_Problem to solve_
Restate the listing below word for word; no pictures belong in the copy.

_Information supplied_
========================================================================
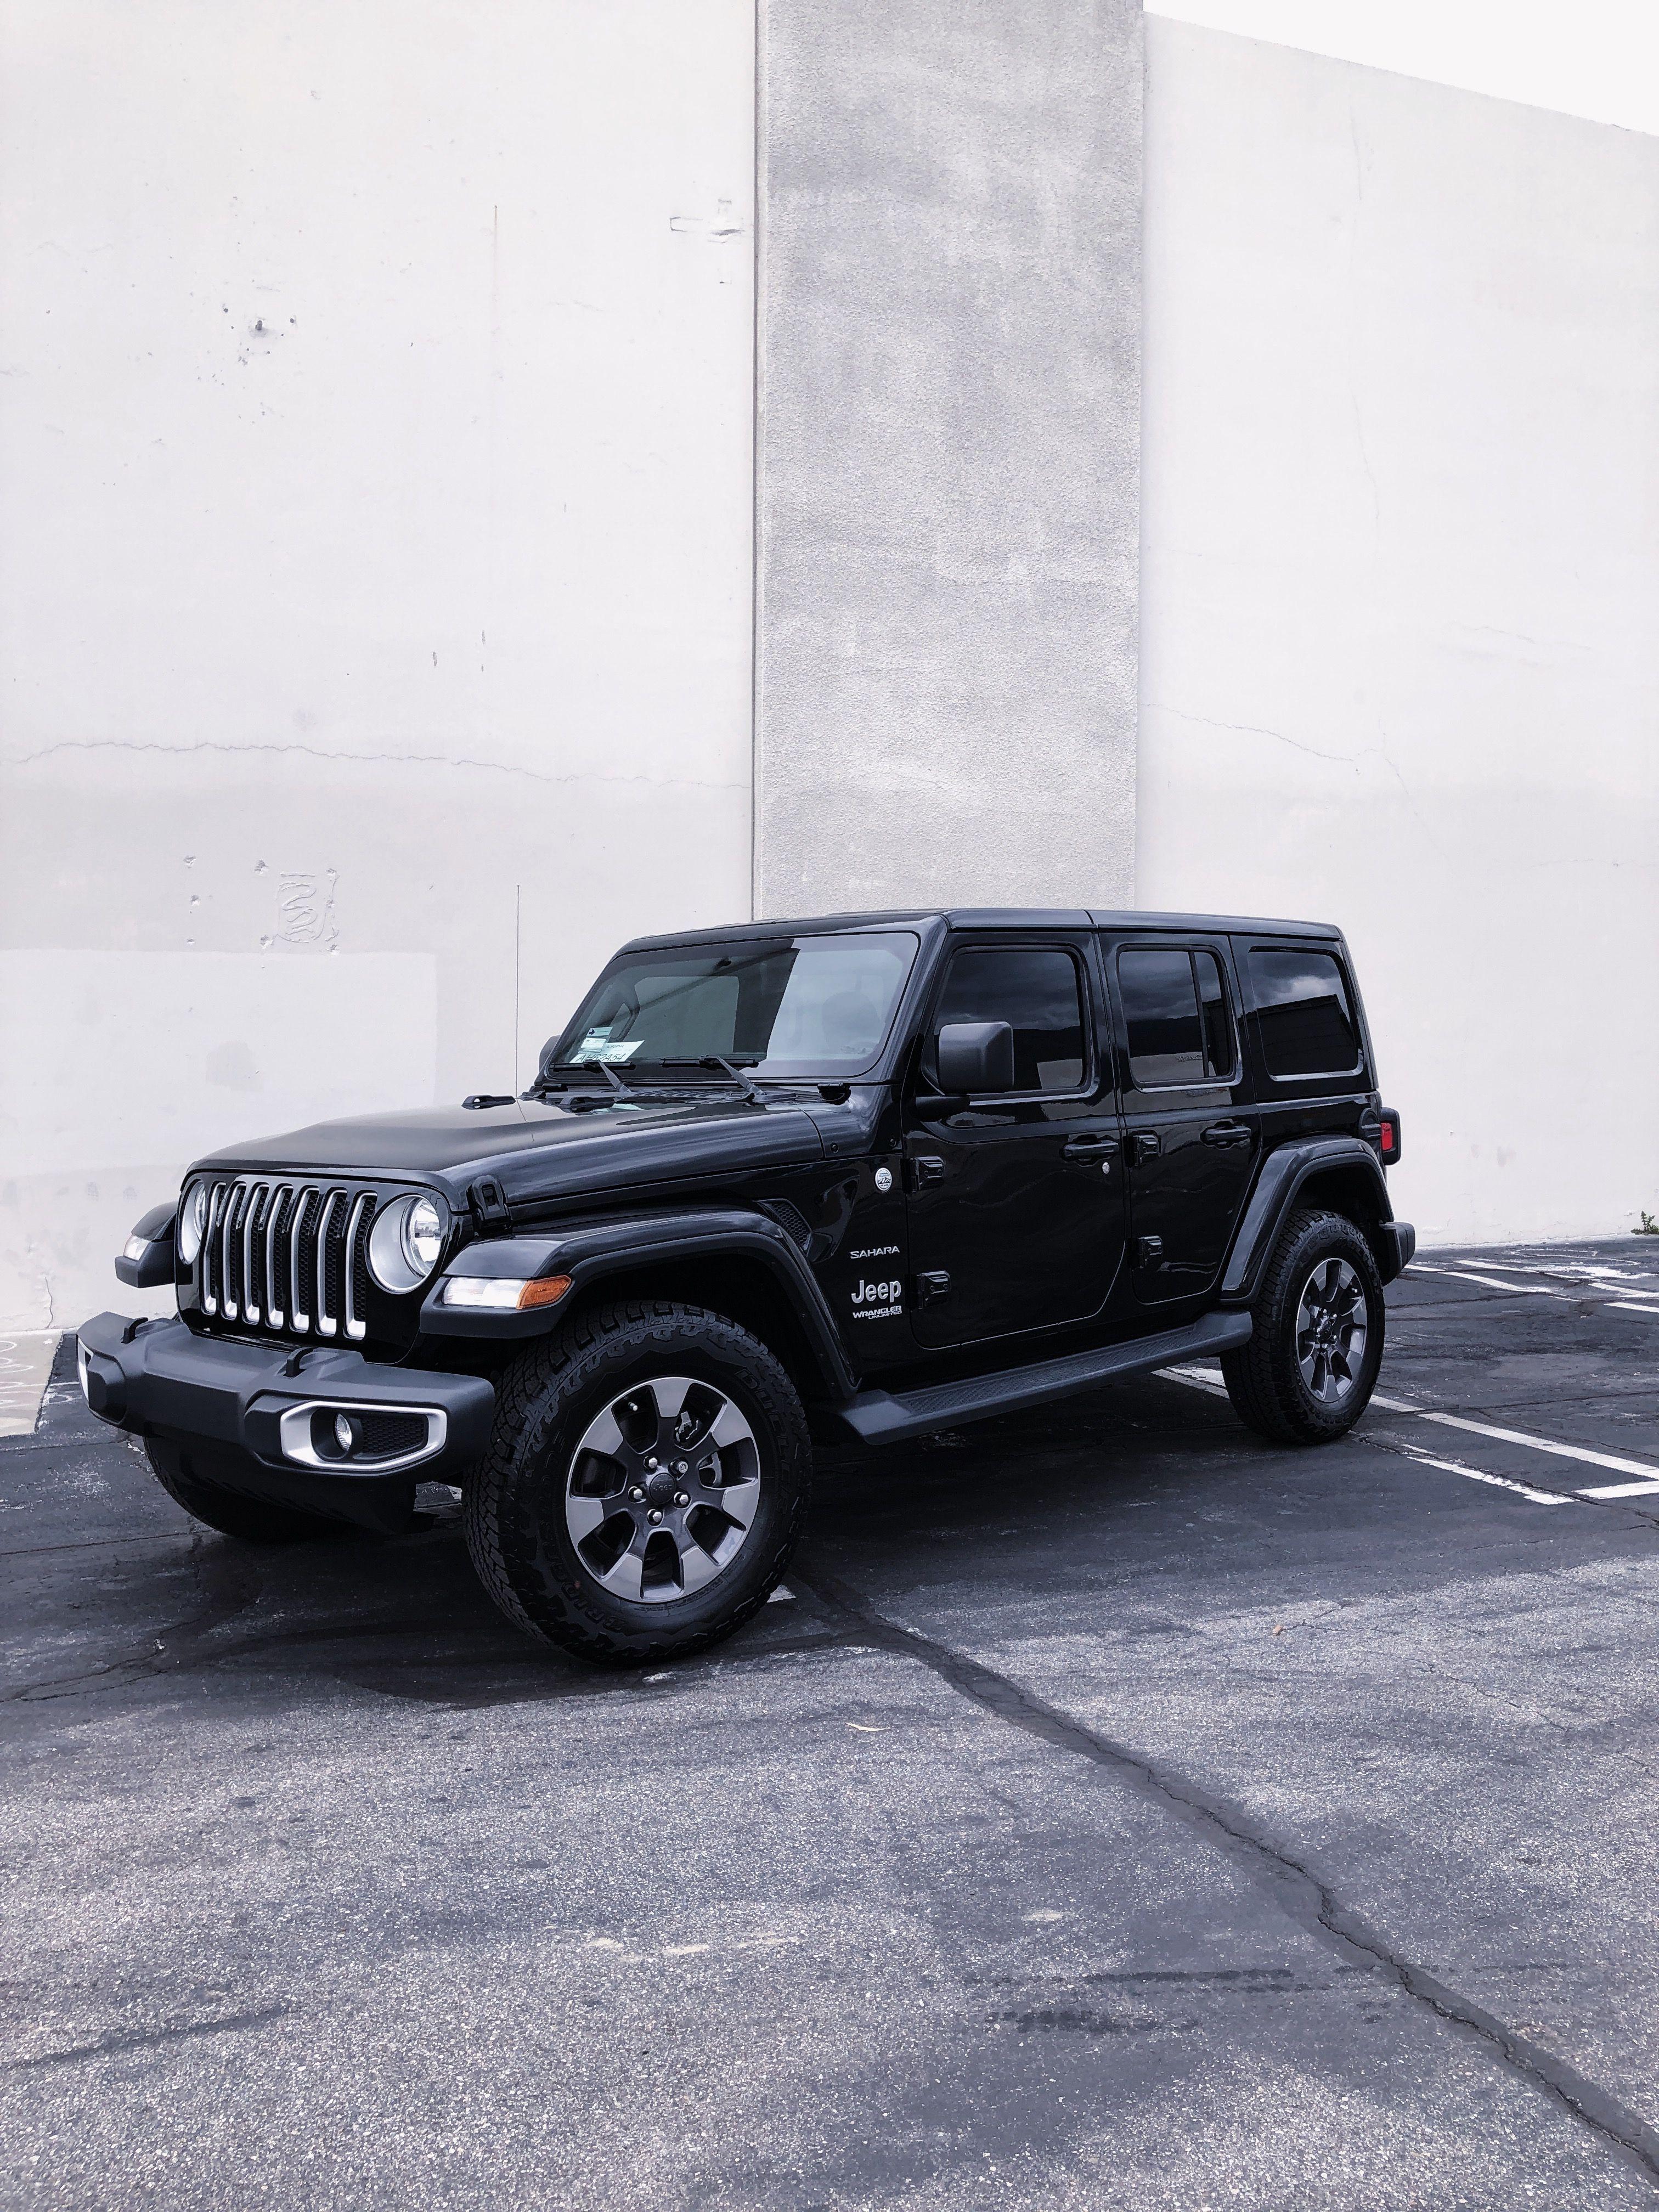 Black Jeep Wrangler Jl Sahara Cars Black Jeep Wrangler Jeep
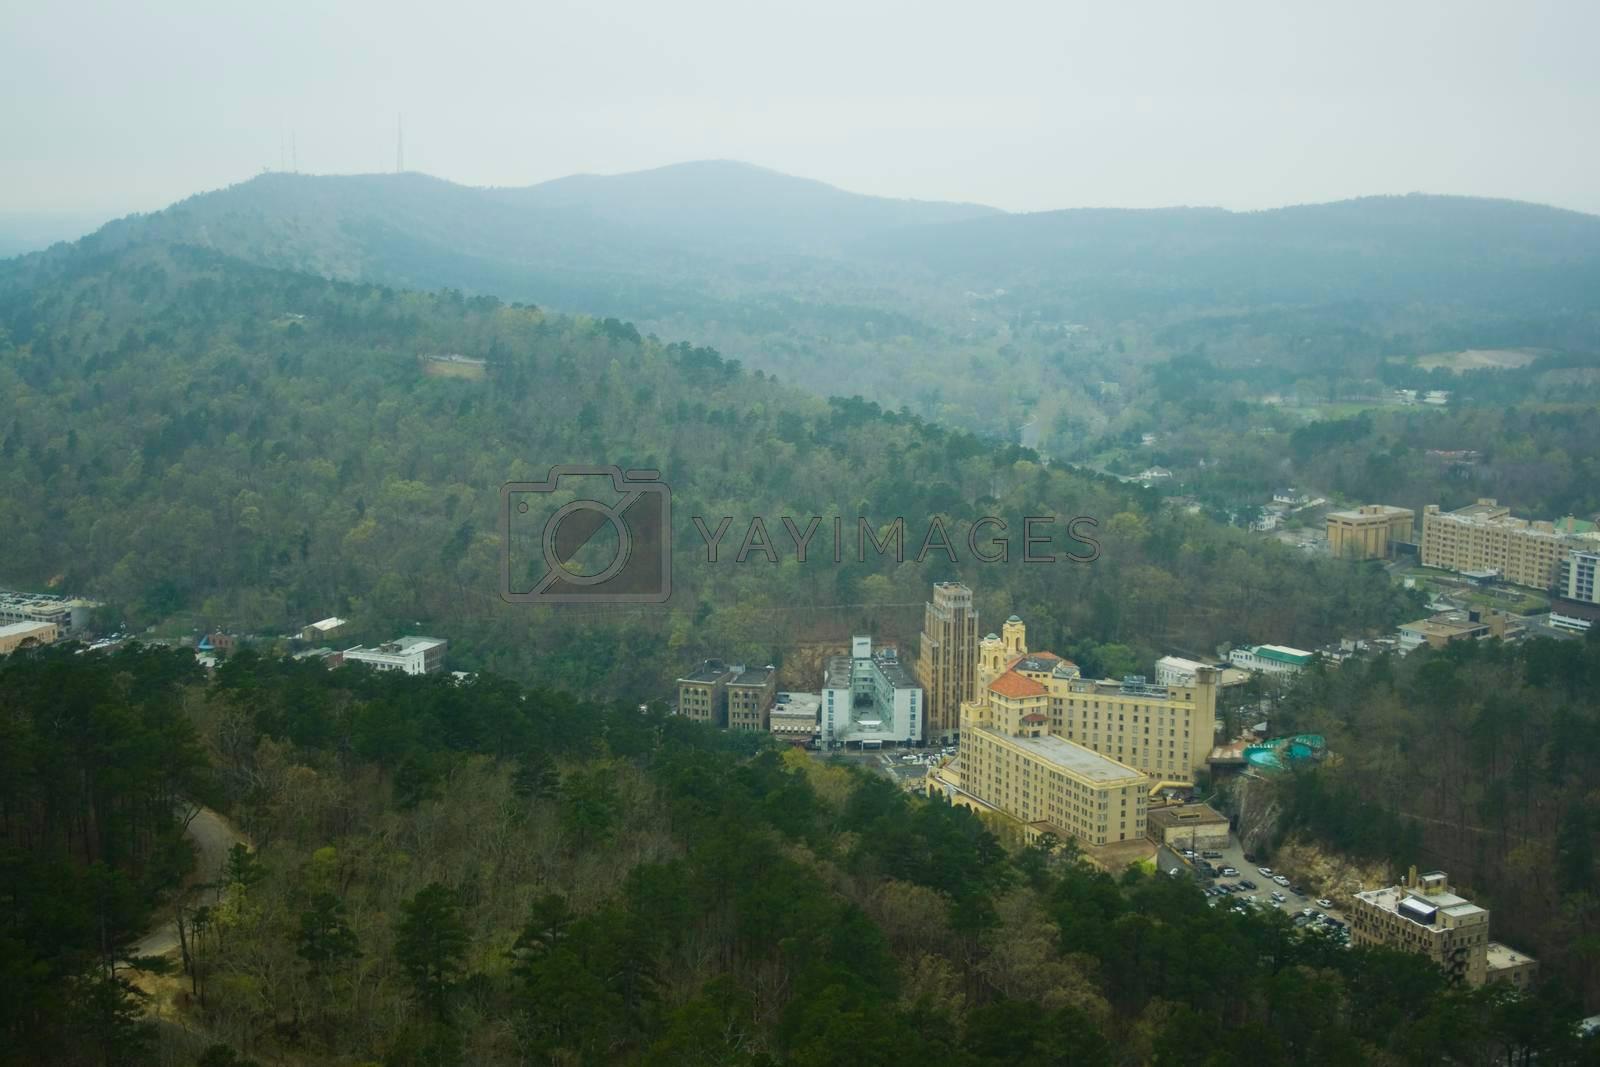 Views of Hot Springs National Park in Arkansas
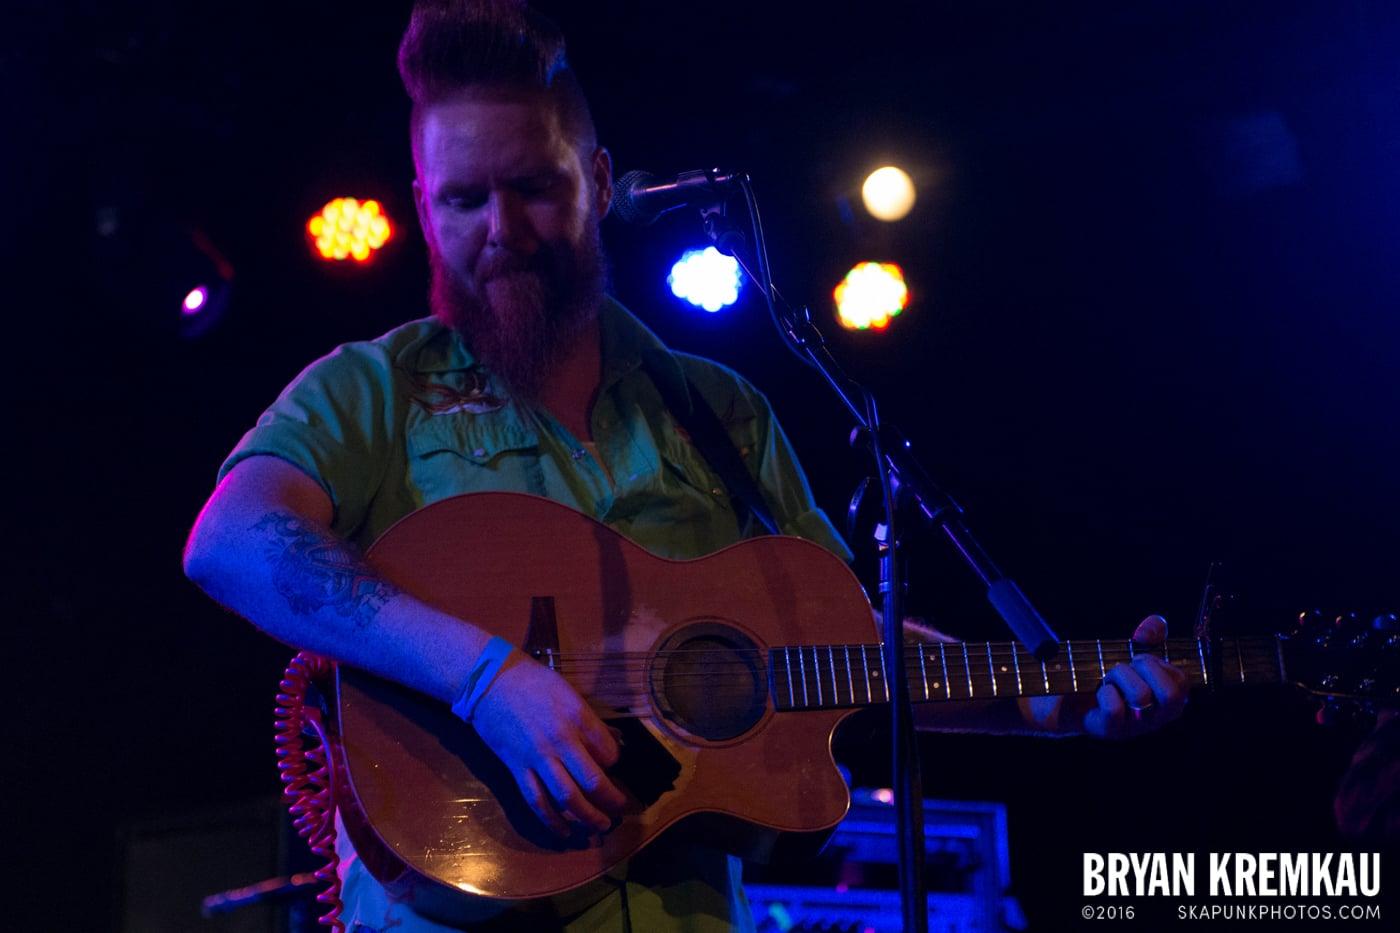 Danny Burns Band @ Knitting Factory, Brooklyn, NY - 9.10.14 (5)
========================================================================
_Solution_
 Black Jeep Wrangler Jl Sahara Cars Black Jeep Wrangler Jeep
 Views of Hot Springs National Park in Arkansas
 Danny Burns Band @ Knitting Factory, Brooklyn, NY - 9.10.14 (5)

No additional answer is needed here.